The Circular Economics of Plastics and Evertrak

Circular Economics Needs an Engine
Circular economics are the foundation of sustainable manufacturing and recycling – the end-of-life product is recycled into raw material for new products. The virtues of recycling plastic are obvious: reduction in fossil fuel consumption and greenhouse gas emissions, and less plastic waste polluting our cities, landscapes, and oceans. However, circular plastic economics are not compelling without an economic engine that drives plastic recycling. Recycling must serve the individual’s self interest: the consumer needs a reason to hold an empty plastic bottle until a recycling receptacle is found, the industrial manufacturer must derive value from maintaining a separate waste stream for recyclable materials, etc. Unless and until economic self-interest influences these residential and industrial decisions, recycling is altruistic for some but not compelling for all. Circular economics must focus on the ECONOMICS! Manufacturing exists because economics drive self-interested entities to convert raw materials into finished goods that others will buy. Circularity needs economics to drive recycling.

Enter Evertrak
Evertrak glass fiber reinforced composite (GFRC) rail ties consume almost 200 lbs of 100% recycled plastic in EVERY TIE, while delivering the strength and stiffness of new hardwood rail ties. Evertrak solves the failure modes of hardwood ties: rail seat abrasion, spike integrity decline, and especially bio-infestation & rot. Evertrak GFRC ties will serve in the most demanding environmental and high-tonnage track conditions for decades, impervious to moisture and bugs, and reliable under the load of billions of gross tons of freight. Evertrak GFRC ties are compelling to rail operators and owners in reducing capital investment and maintenance expenses, which feeds the engine of plastic recycling. In short, Evertrak provides economic imperatives for recycling by being valuable to railroads, and Evertrak needs A LOT of recycled plastic.

The Circular Economy in a Picture
Evertrak and a global plastics manufacturer teamed up recently to install Evertrak GFRC ties in a Texas polyethylene manufacturing facility, showcasing the ideal circular economics of HDPE plastic. Virgin HDPE resin produced for consumer and industrial plastics products was recycled from residential curbside and industrial waste streams, then processed into Evertrak GFRC ties. Now those ties will serve safely and reliably in track for 50-100 years in the most severe environmental conditions. That is a win for the plastics manufacturer, a win for Evertrak, and a win for all of us who commit to reducing plastic waste.

 

Scaling the Circular Economy
Millions of pounds of recycled plastic have already been consumed to produce Evertrak GFRC rail ties that will serve railroads for 50-100 years. Furthermore, installation of tens of thousands of hardwood rail ties, soaked in carcinogenic creosote, has been avoided. In 2020 Evertrak converted 3 million pounds of plastic into durable, high performance railroad ties that carry North America’s heaviest freight trains in the most difficult environmental conditions. This is just the beginning of Evertrak’s commitment to drive the recycling end of a circular economy for plastic in the United States and abroad. A million Evertrak GFRC ties will put 200 million pounds of recycled plastic to work for the rest of our lives, reducing capital and maintenance costs for railroads, and driving the economics of recycling to the self-interest of everyone who discards a plastic product. Is a million Evertrak ties feasible? North American railroads replace 20 million wood ties EVERY YEAR! Evertrak can drive the economics of plastic recycling in the United States, eliminate the harvest of millions of trees for wood ties, and prevent tons of creosote from leaching into waterways and groundwater. At Evertrak we call this going BEYOND WOOD.

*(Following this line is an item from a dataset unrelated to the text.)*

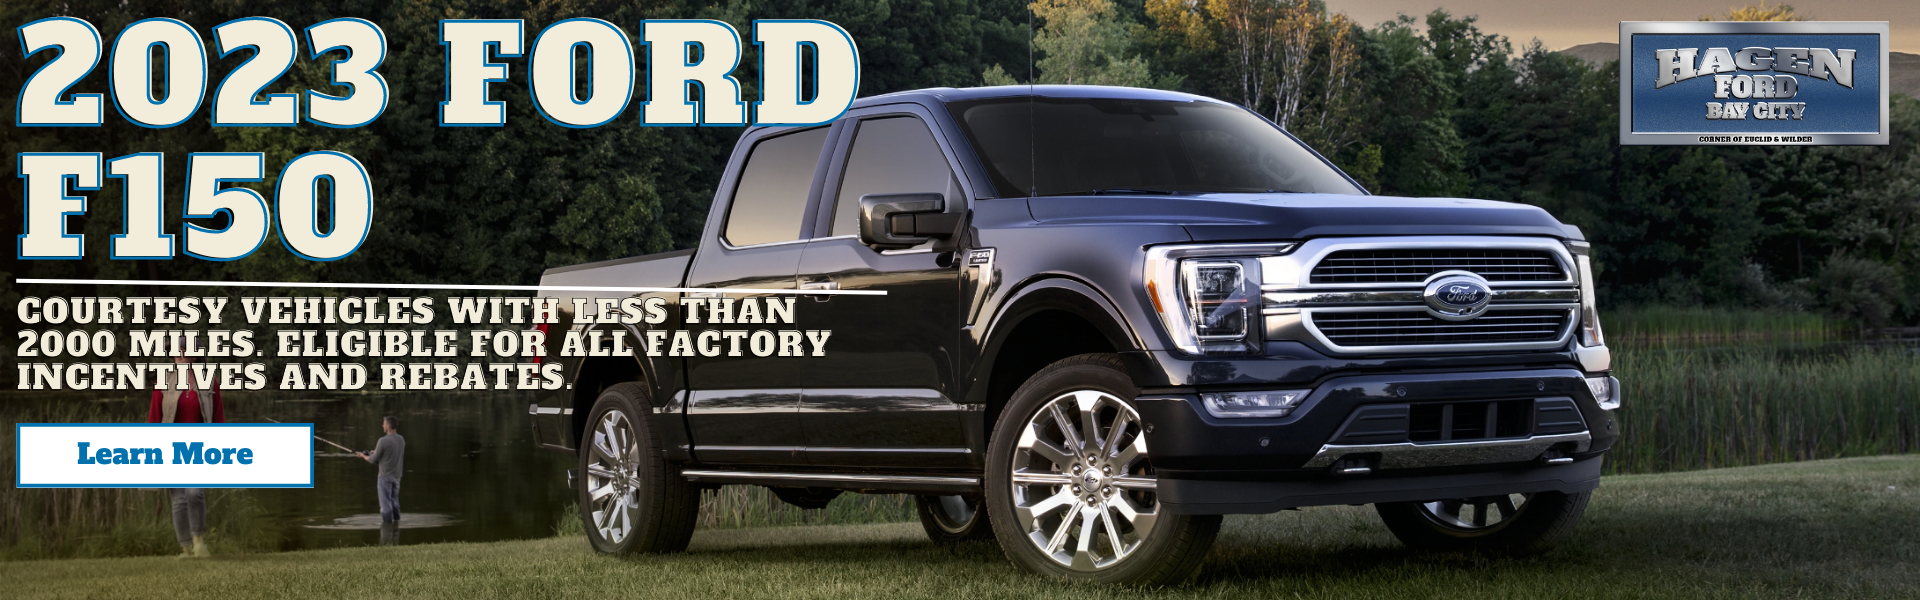 2023 Ford F150 Courtesy Vehicles

Please share this case study in circular economics and plastic recycling with others who care about making plastic recycling a winner for EVERYONE.

3 Comments
  • Valerie Cover
    Posted at 12:09h, 25 October Reply

    The author’s point about economic value being built into recycling is spot on. Evertrak has found a way to implement such an approach showing that it can be done. Small innovative companies are indeed the backbone of America and once again lead the way in solving complex persistent problems. Kudos Evertrak!

  • Tyson Le Roy
    Posted at 16:44h, 25 October Reply

    These guys have got it nailed.

    “ Unless and until economic self-interest influences these residential and industrial decisions, recycling is altruistic for some but not compelling for all. Circular economics must focus on the ECONOMICS!”

    “Evertrak provides economic imperatives for recycling by being valuable to railroads, and Evertrak needs A LOT of recycled plastic.”

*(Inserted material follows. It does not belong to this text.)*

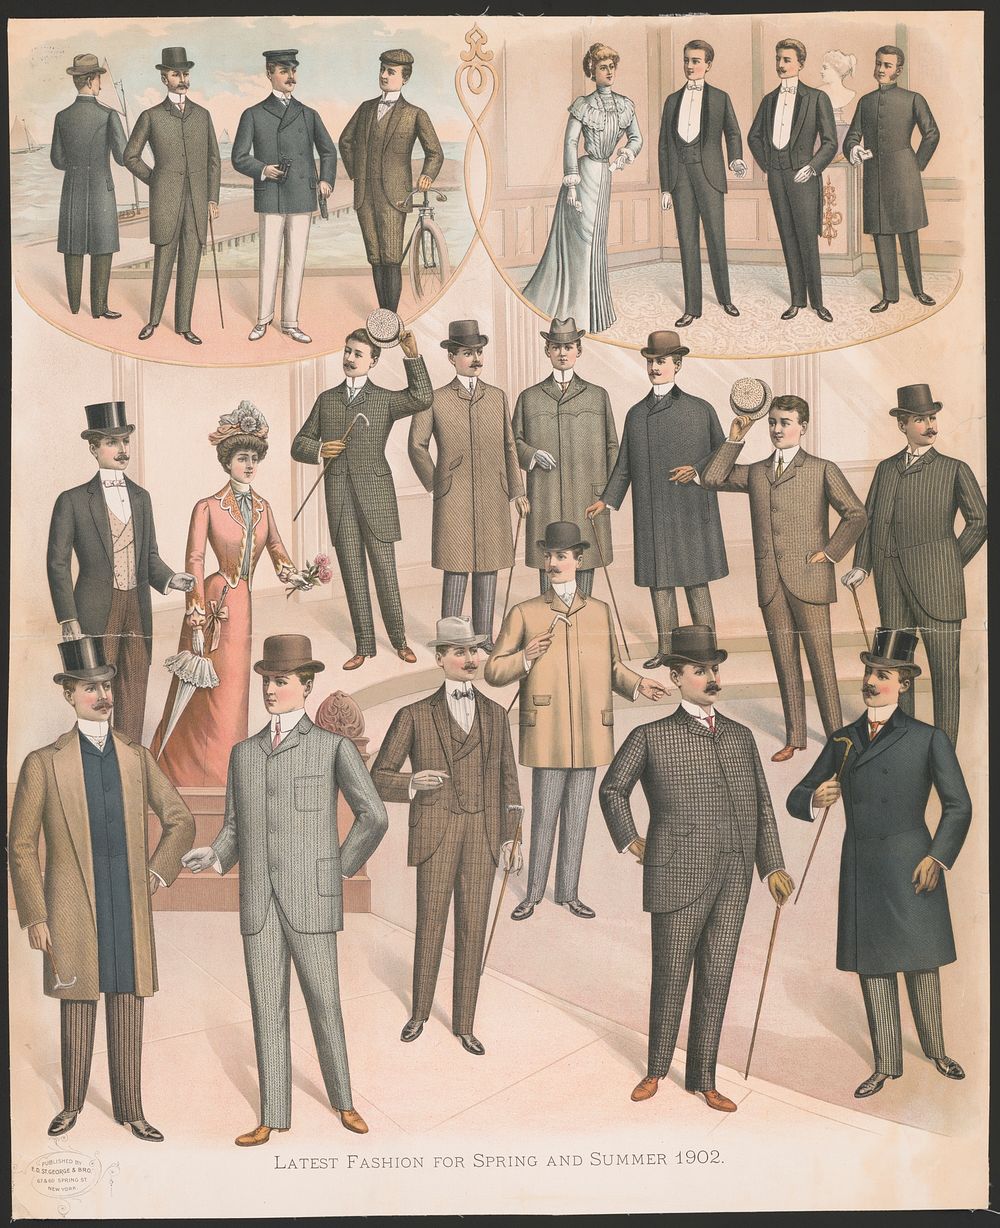 Latest fashion for spring and summer 1902

    This is a no brainer, way to go Evertrak!

  • Drago Santrach
    Posted at 10:03h, 26 October Reply

    Matt is correct the economic self-interesr is the driver for recycling. In my 30 years plus in the composites industry, I have seen many efforts wasted on Proof of Concept for recycleability because the end product is an expensive and hard to use filler.. Evertrak concept starts with the application economics and then develops a process to make it an economic success. May the force be with you Matt.